# Favourite PLL



## Dene (Jan 23, 2008)

Ok so which is your favourite PLL and why?

I won't specify any reason for it to be your favourite PLL (speed/easiness/fun to execute/whatever else), just say which is your favourite and why!

I had to leave out 3, which are E, N, and V. If one of those is your favourite, then, too bad , you can't vote for them  .

Ok, so I voted U, which is my favourite because it's easy and it's my fastest PLL as of yet  .

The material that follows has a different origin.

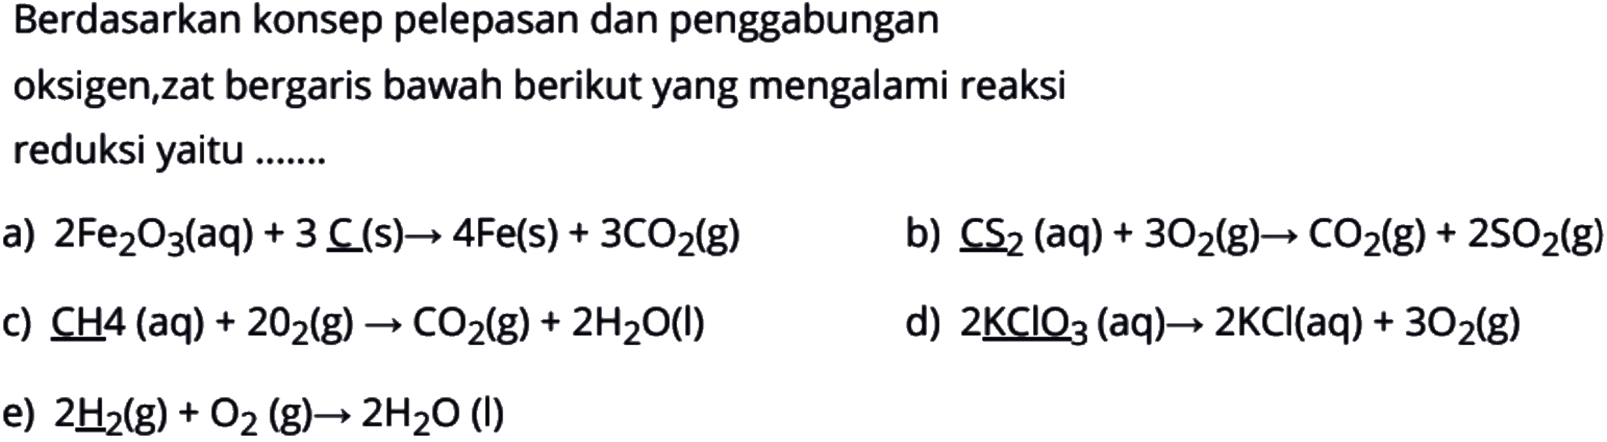 Berdasarkan konsep pelepasan dan penggabunganoksigen,zat bergaris bawah berikut yang mengalami reaksireduksi yaitu .......a)  2 Fe2 O3(aq)+3 \underlineC(s) -> 4 Fe(s)+3 CO2(g) b)  \underlineCS2(aq)+3 O2(g) -> CO2(g)+2 SO2(g) c)  CH 4(aq)+2 O2(g) -> CO2(g)+2 H2 O(l) d)  2 \underlineKClO3(aq) -> 2 KCl(aq)+3 O2(g) e)  2 \underlineH2(g)+O2(g) -> 2 H2 O(l) 
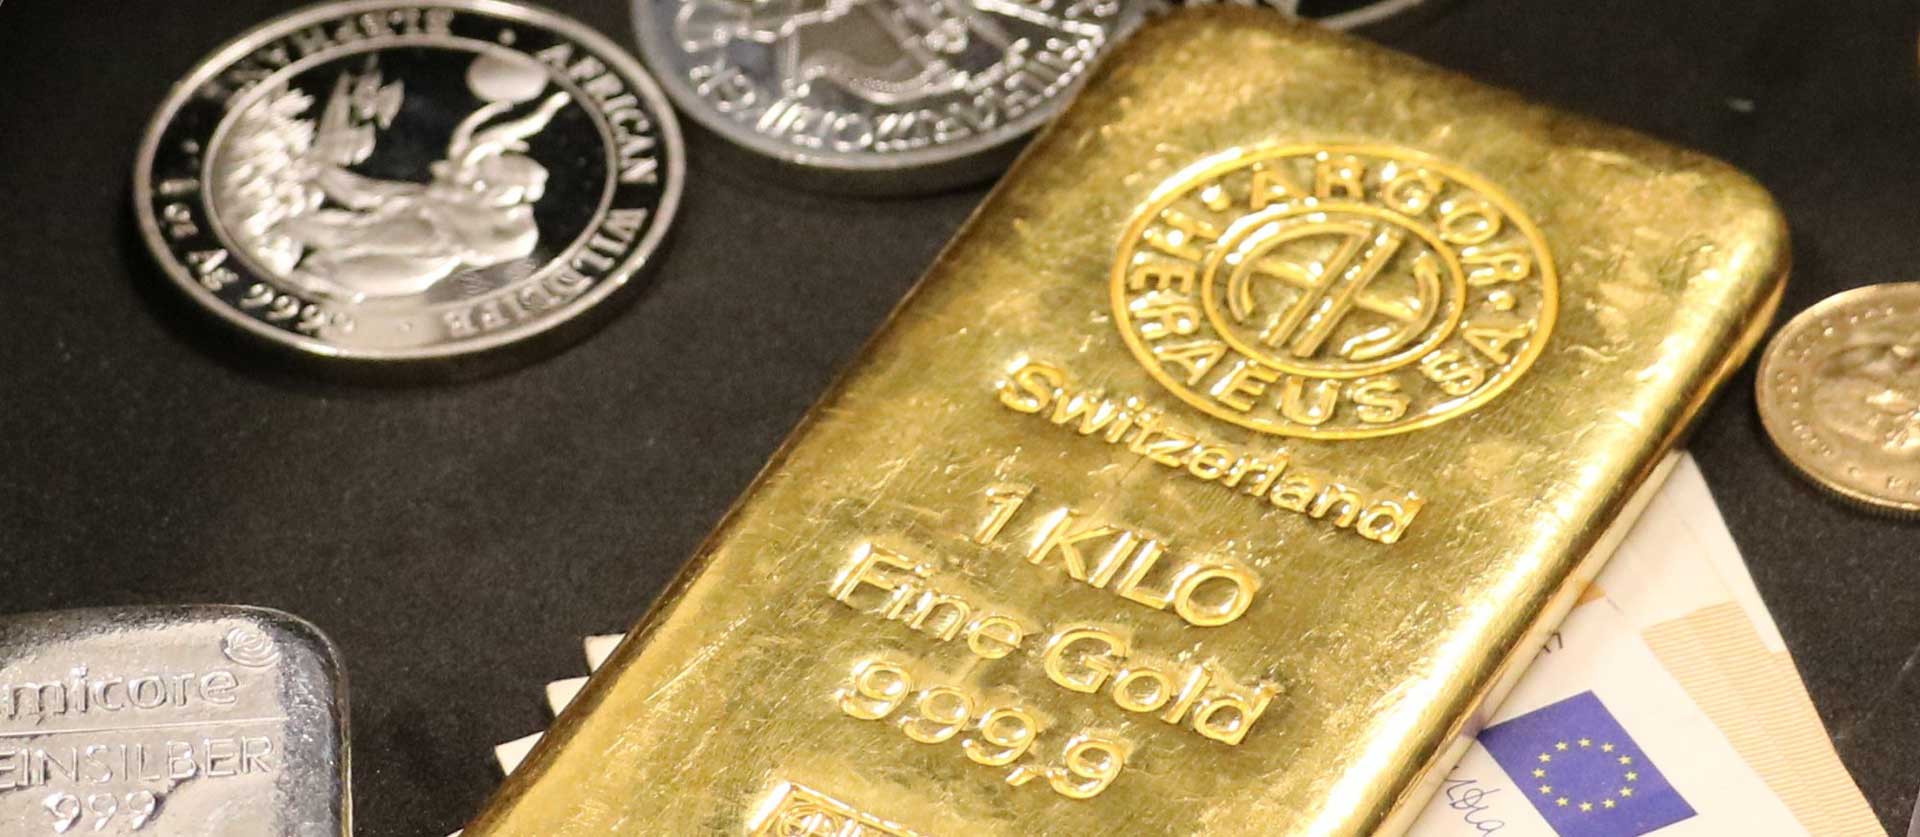 Konijn Verloren hart Schat Goudwisselkantoor Amsterdam | Gratis taxatie goud en zilver

EDIT: Also, I did a search to see if someone had posted something similar before, but, I didn't want to look through all 300 results, so I thought a new and fresh poll for all the new people to the forums would be good  .


----------



## RobinBloehm (Jan 23, 2008)

I voted U, too because it's my fastest, but my real favourite is J Permutation beacauso it looks so cool and feels great, too.


----------



## Lotsofsloths (Jan 23, 2008)

The J perm just flows too easily, try it out for yourself!
R U R' F' R U R' U' R' F R2 U' R' U'
2 R triggers!
The F' in the first fluid movement can be brought up with thumb!


----------



## brad711 (Jan 23, 2008)

I vote T, because although its not my fastest, you never reposition your hands, and the last chunk goes insanely fast.

F'L'ULU'L'U'L2FL'U'L'UL


----------



## Mike Hughey (Jan 23, 2008)

I don't have any good PLLs, at least for speed.  But I voted for A perm because it's so valuable for BLD solving. And I'm probably faster at it than any other (even though I'm terrible at it too) because I've had so much more practice with it than with the others (due to BLD solving).


----------



## malcolm (Jan 23, 2008)

Z, My Z is faster on average than U, because U locks up on me too much.. I use M2 U M2 U M' U2 M2 U2 M' U2


----------



## Lt-UnReaL (Jan 23, 2008)

J permutation


----------



## Pedro (Jan 23, 2008)

voted for U

but J comes right after


----------



## Dene (Jan 24, 2008)

brad711 said:


> I vote T, because although its not my fastest, you never reposition your hands, and the last chunk goes insanely fast.
> 
> F'L'ULU'L'U'L2FL'U'L'UL



That's a wierd algorithm, have you tried the more popular one? I think it would be much faster...


----------



## malcolm (Jan 24, 2008)

Thats the inverse mirror of the standard one i think


----------



## alexc (Jan 24, 2008)

U, Z, and H, all the edge perms, are my favorite. Out of those three H, cause I like the double trigger M2.


----------



## sam (Jan 24, 2008)

R's are awesome. they're so fun. Not really the fastest but just fun to preform in general. i use Bob's/Quinn's alg (R' U2) (R U2) (R' F R U R' U') (R' F' R2 U').


----------



## philkt731 (Jan 24, 2008)

In terms of speed i think mine go H U J ATZ


----------



## hdskull (Jan 24, 2008)

malcolm said:


> Z, My Z is faster on average than U, because U locks up on me too much.. I use M2 U M2 U M' U2 M2 U2 M' U2



Do you use slice algs for U-perm?


----------



## TimMc (Jan 24, 2008)

J Permutation:
- Easy to execute and remember
- It's just a combination of Anti-Sune (very fast) and Niklas

Tim.


----------



## cmhardw (Jan 24, 2008)

I voted J.

It's a tough call for me between H, T, and J, but J wins for me on the "cool" factor. It's just a cool, fun alg to execute. H is faster for me of the 3, so I should probably be voting for H, but I have to say J.

Chris


----------



## Karthik (Jan 24, 2008)

J for sure!


----------



## malcolm (Jan 24, 2008)

I use 2-gen U perm, because the slice one uses M turns which i am slow at. I can only do M' fast.


----------



## TimMc (Jan 24, 2008)

malcolm said:


> I use 2-gen U perm, because the slice one uses M turns which i am slow at. I can only do M' fast.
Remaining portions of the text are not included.